Henry had ordered that Richard’s body, almost naked, should be placed on public display for two days in Leicester, ‘for all men to wonder upon’. In doing so, it was clear that Henry intended to prove that Richard had died in battle, to prevent any rumours to the contrary. After the battle of Barnet, Edward IV had done the same with Warwick’s body, which had been displayed at St Paul’s laid out almost naked in a wooden coffin. Men flocked to get a sight of the dead king, ‘with everyone wishing to look at him’, ‘naked and despoiled to the very skin, and nothing left about him, not so much as a clout to cover his privy parts’. Richard’s bloodied and near-naked corpse had been trussed up in the collegiate church of St Mary-in-the-Newarke. The decision to display his mortal remains there appears to have been entirely deliberate: not only was the church a Lancastrian foundation, Richard’s body would suffer the further indignity of being displayed among the tombs of Henry, Earl of Lancaster, Henry, Duke of Lancaster and Mary de Bohun, the grandmother of Henry VI, who had all been buried there. The message could not be clearer: Henry, the inheritor of the Lancastrian dynasty, had finally ensured that vengeance had been secured. When Richard’s corpse was cut down, Henry chose not to have the Yorkist king buried among his Lancastrian ancestors, but rather in the plainer Greyfriars church, part of the Franciscan Friary, ‘irreverently buried’ without any funeral ceremony in the choir of the Franciscan Friars Minor in Leicester.

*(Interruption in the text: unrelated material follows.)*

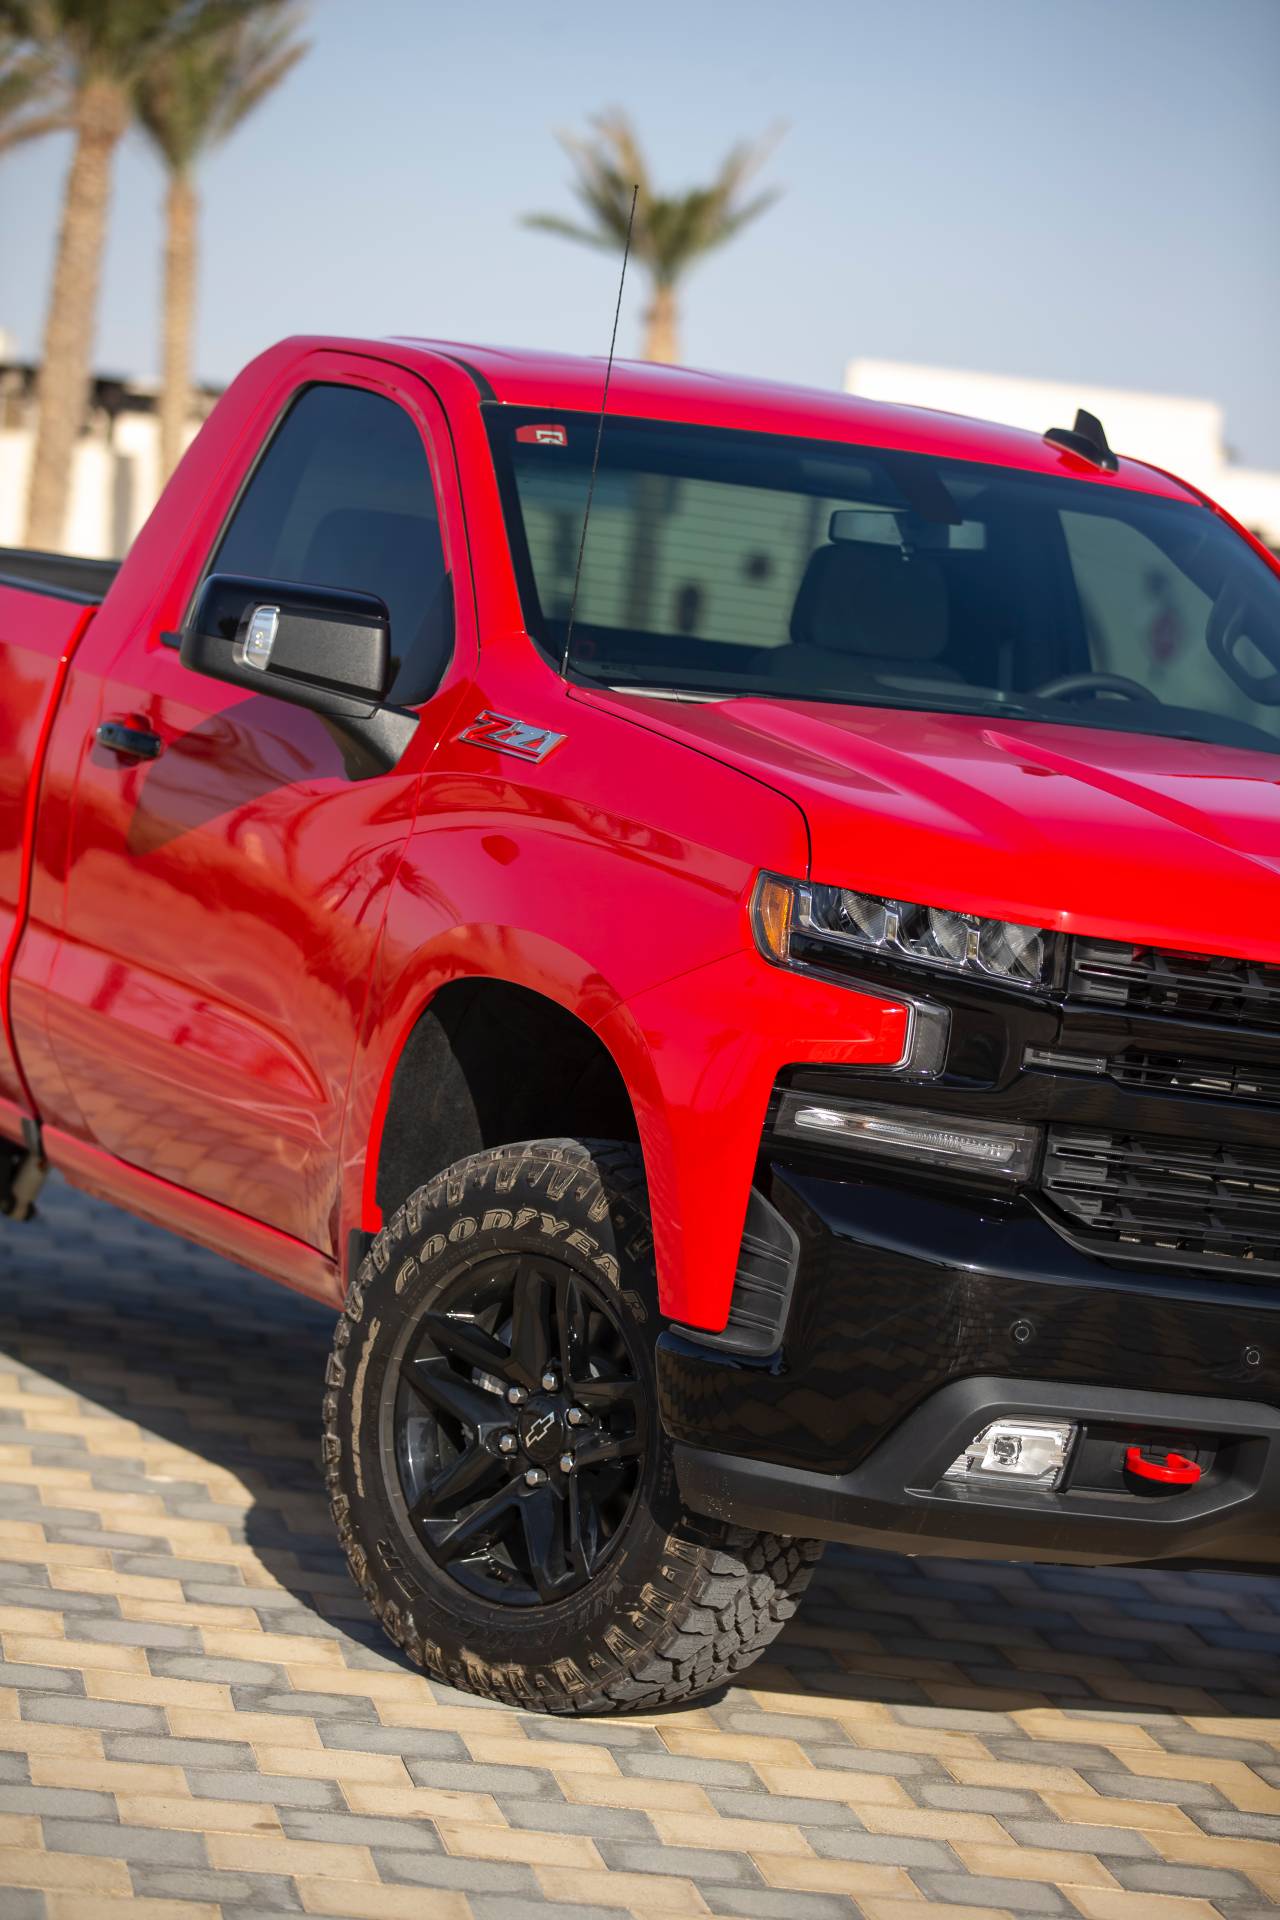 Chevrolet Silverado Electric Pickup Truck Will Be Joined by 29 Other

It was not until ten years later, in September 1495, that Henry would give thought to providing the dead king with any tombstone to mark his grave, ordering that James Keyley be paid £10 1s for making ‘King Richard’s tomb’. Even in the grave, it seems, Richard would continue to cause controversy, with the payment for the alabaster monument becoming the subject of a lawsuit between two stonemasons. There are no contemporary descriptions of the monument, but a manuscript copy of its epitaph survives. It reads:
I, here, whom the earth encloses under ostentatious marble,
Was justly called Richard the Third.
I was Protector of my country, an uncle ruling on behalf of his nephew.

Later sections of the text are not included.